By Jan. 5, 2012, the release had been authorized. Kim Meline testified about receiving a call from Stephanie Waterman, a social worker at Western State.

It was the first time Kim had heard her son would be released, she said. Waterman told her Jonathan would be fine. Kim asked where he would be placed.

“Well, your house,” she recalled Waterman saying.

“Were you told about any safety concerns?” Connelly asked.


She asked about other possible placements. There were none, she was told, except the street.

Kim’s mother was about to undergo open-heart surgery, she testified. Her son was a disruptive force, always upending the household with his behavior at home.

None of it mattered. She was told her son would be released. She and her husband could take him in or not. They took him in.

They weren’t told about the psychological evaluations describing his behavior and recommending that he continue to stay in the hospital. They weren’t allowed access to information about his treatment. That was private medical information, only available to her son. Technically, he was incompetent to stand trial, but competent enough to manage his own treatment.

“Really?” Kim said during her testimony. “We have all the responsibility for our son and you’re not gonna give us any information?”

In June 2012, unbeknownst to his parents, Jonathan bought a hatchet at a local hardware store. Four months later, he killed his sleeping father with it, chopping at Rob’s head while shouting, “Die, die, die,” according to court records and police reports. Jonathan later told police officers he had planned the killing for months.

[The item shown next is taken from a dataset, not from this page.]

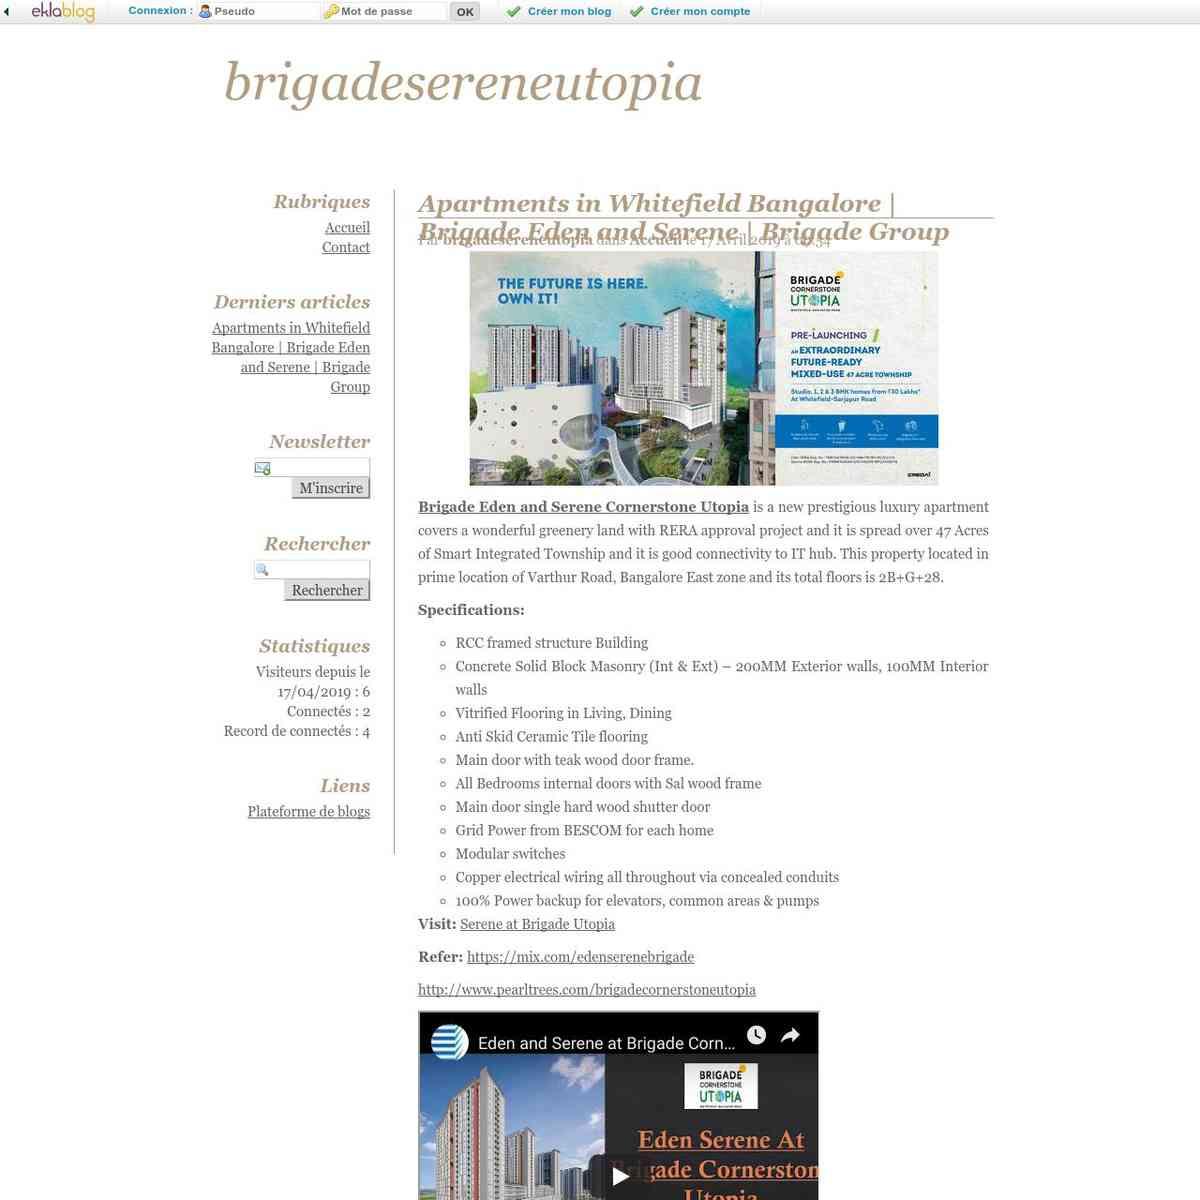 serene-eden-at-brigade-utopia.eklablog.com

Connelly argued that the release decision equated to gross negligence, because hospital staffers didn’t consider Jonathan’s potential dangerousness.

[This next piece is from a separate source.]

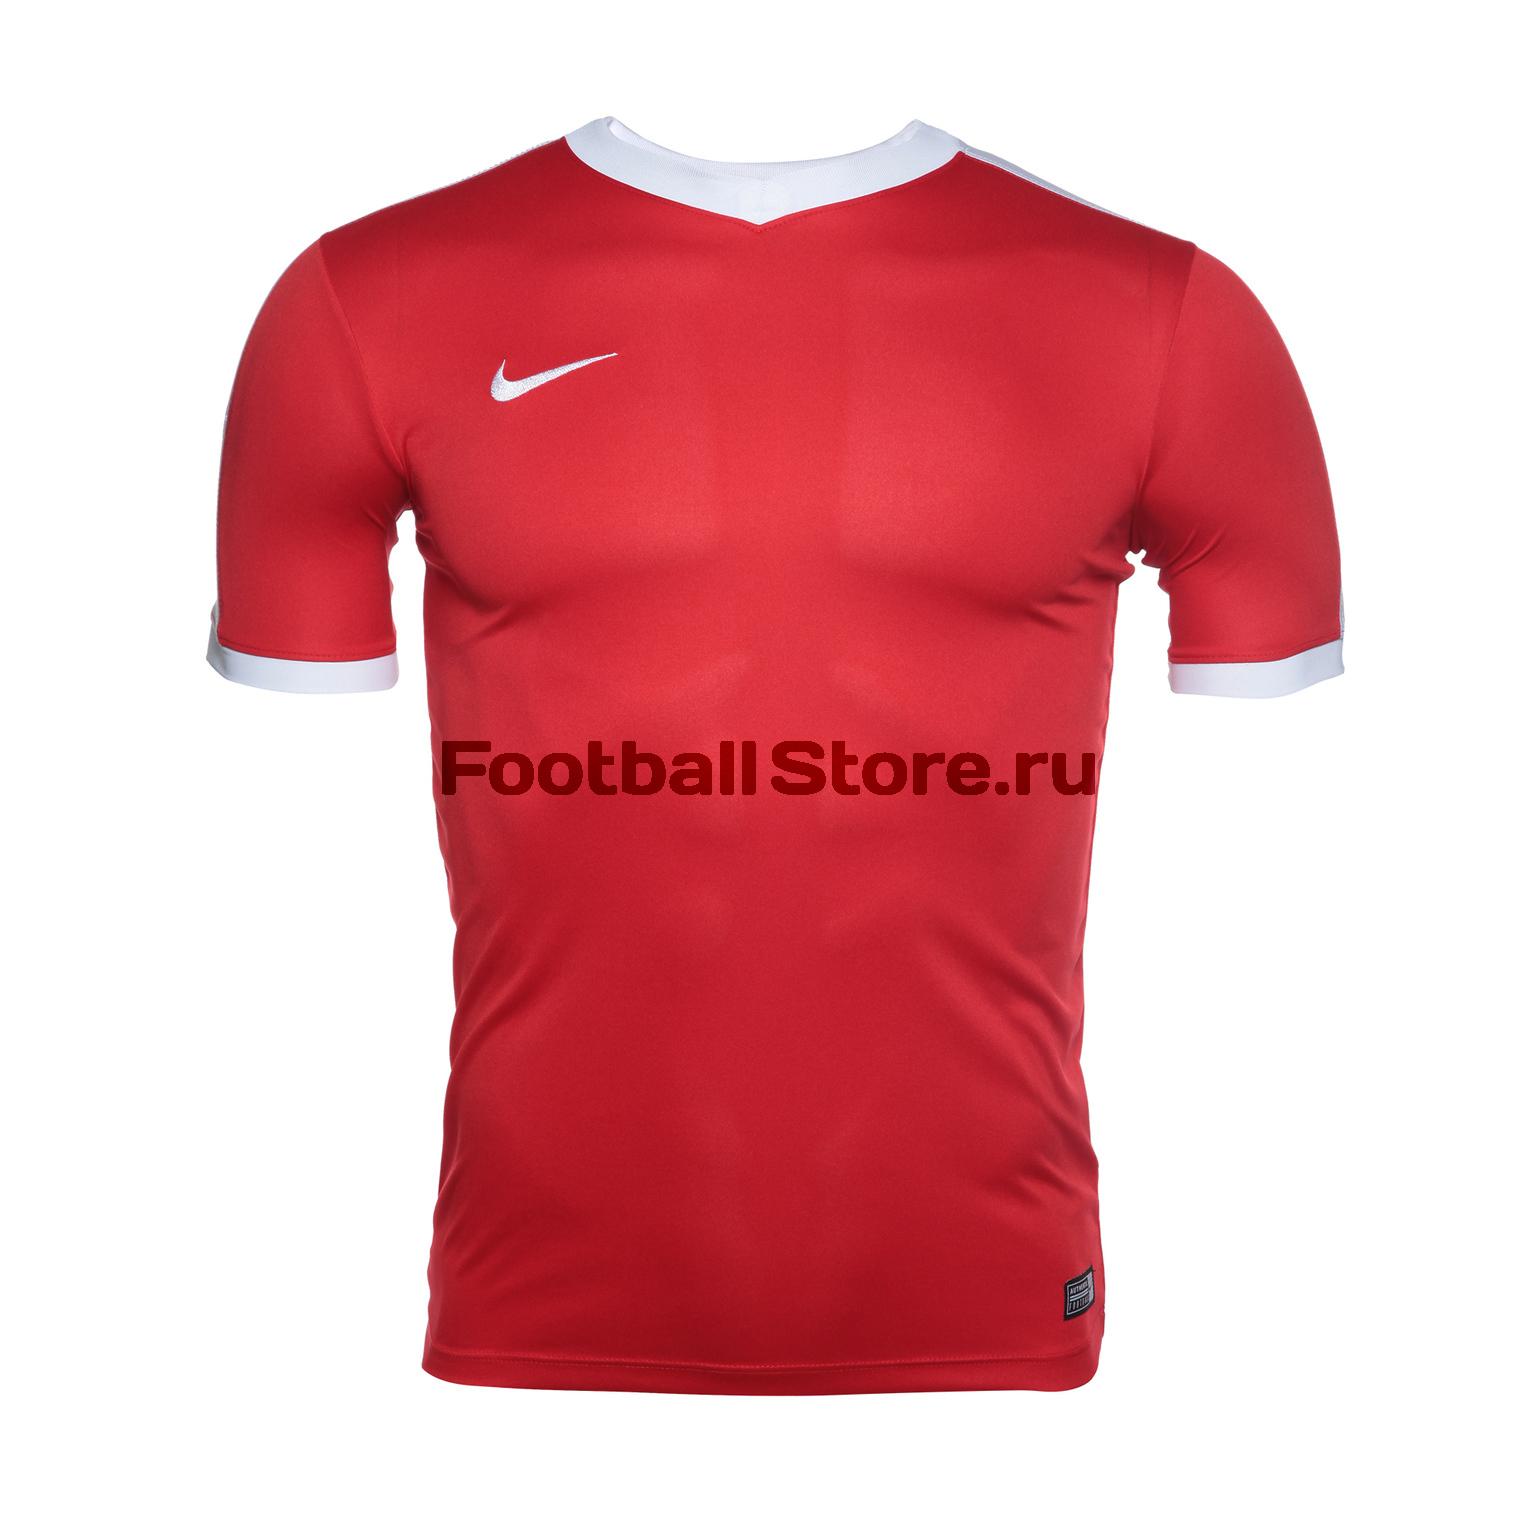 Игровая форма Nike Футболка подростковая Nike Striker IV JSY 725974-657 в киеве в кредит hatsan striker 1000s

That thread led to lengthy expert testimony during the trial regarding Jonathan’s belief that his parents were evil duplicates. Did it meet the definition of Capgras syndrome, a rare delusion? Experts for the plaintiffs said yes. Experts testifying for the state said no, and noted that Jonathan’s delusions about his parents waxed and waned, especially when he took his medications.

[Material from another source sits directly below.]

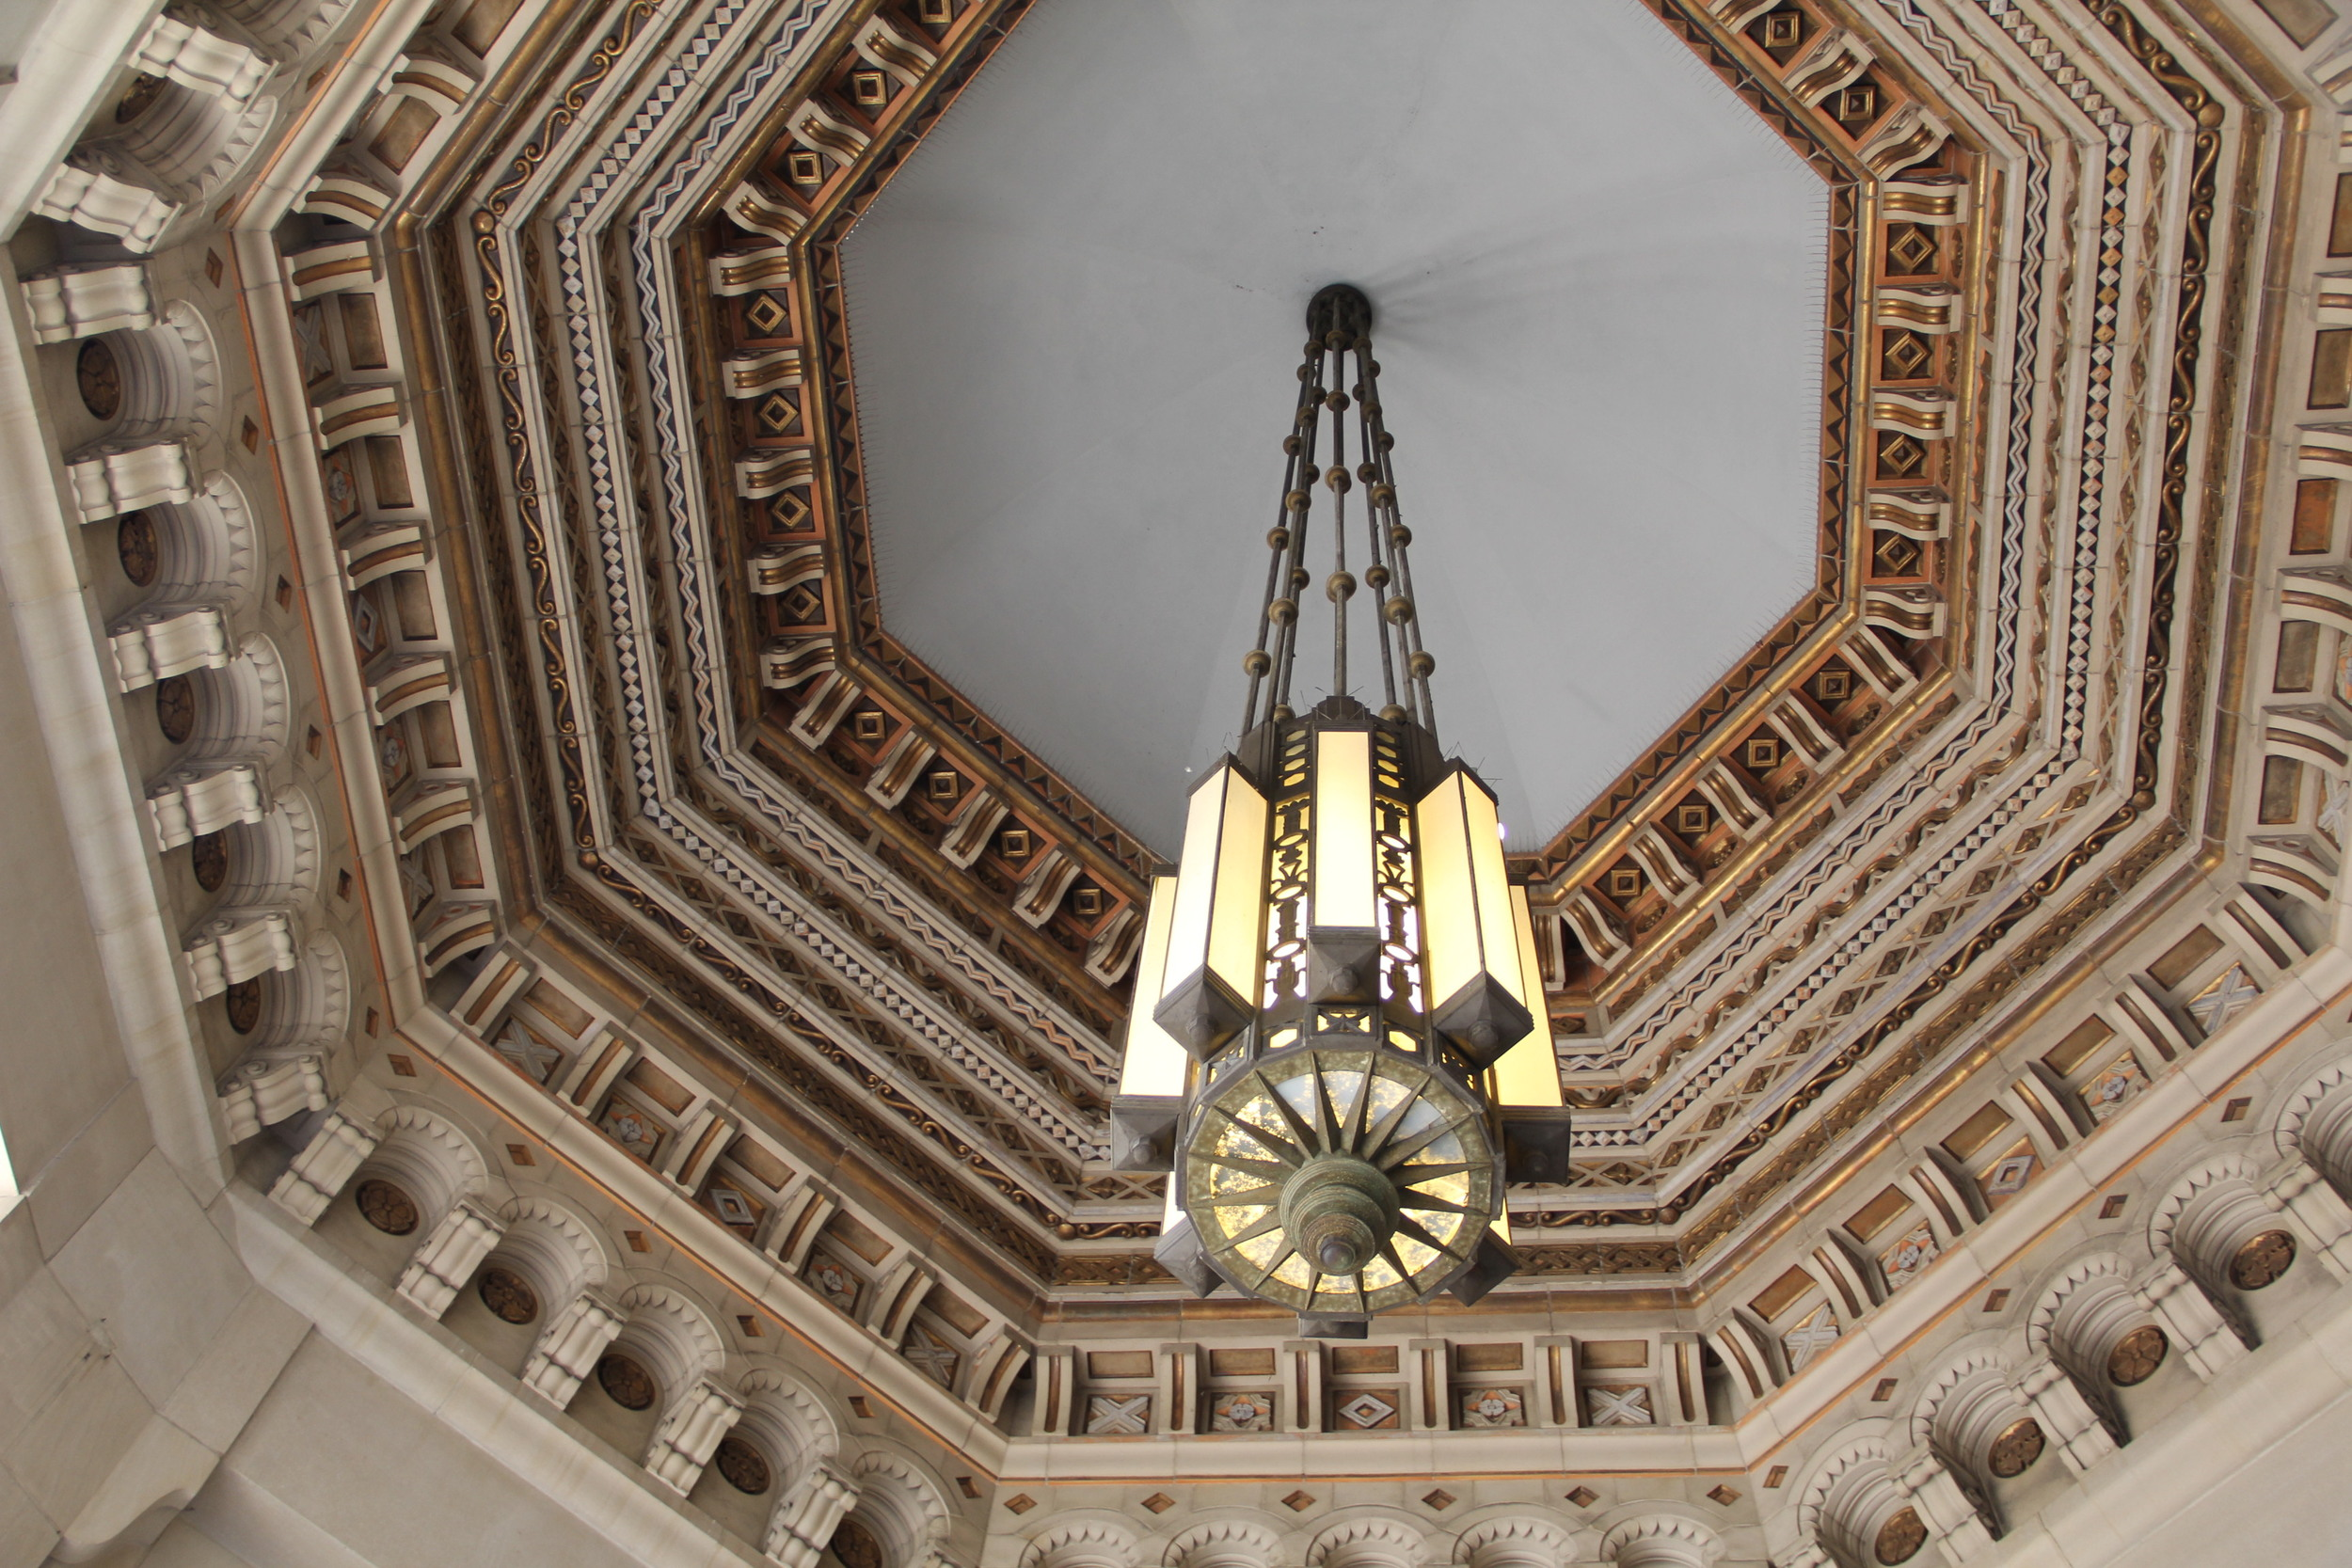 One Bunker Hill Art Deco Lobby Chandelier - Image courtesy:   dtlaexplorer.wordpress.com

Medication levels represented another facet of the argument. Jonathan was receiving injectable drugs – anti-psychotics intended to limit his delusions. Connelly argued the doses were too low, noting that they have been increased since his criminal trial.

Leighton, defending the state, said Jonathan was showing signs of stability while on his medication, making him suitable for release as long as he continued to take the drugs.

“His behavior was good,” she said. “It was stable. Maybe not normal like what we think of as normal, but it was stable.”

In her closing statement, Leighton suggested that jurors shouldn’t consider forensic evaluations regarding Jonathan’s dangerousness as directly relevant, because they were tied to his competency to stand trial, not his subsequent release.

In rebuttal, Connelly replied with a zinger about the failure to restore Jonathan’s competency.

“Why could they not do it?” he asked rhetorically. “Because they couldn’t get rid of his delusions.”

During her testimony, Kim recalled the moment when she heard about her husband’s death. She paused for a long time on the stand to collect herself.

She was in Spain, she said, on a trip with her mother to celebrate recovery from surgery. A call came to the Barcelona hotel where they were staying. Kim’s mother took it in a phone booth.

Kim recalled hearing an involuntary scream from her mother. Soon she relayed the news: Jon had killed his father.

“I didn’t even understand what she said, and she said ‘Jon killed Rob,’ and I said, ‘That didn’t happen,’ ” she said.

In 2013, after the murder, Jonathan’s grandfather died.

Kim hadn’t seen her son in months, but she felt compelled to share the news with him. Last week she told the story to the jury.

As she had many times before, she drove to Western State, passed through a series of locked doors and entered the visiting area of the forensic ward, accompanied by a security guard and a social worker.

Soon, her son came. She saw him, and felt a surge of tears. She wanted to hug him, but she couldn’t.

Jonathan looked at her.

““Okaaay,” he said, his voice tinged with sarcasm.

Kim heard no love in her son’s voice.

“What does that mean?” she asked.

“Well, you’re the person that killed my mom.”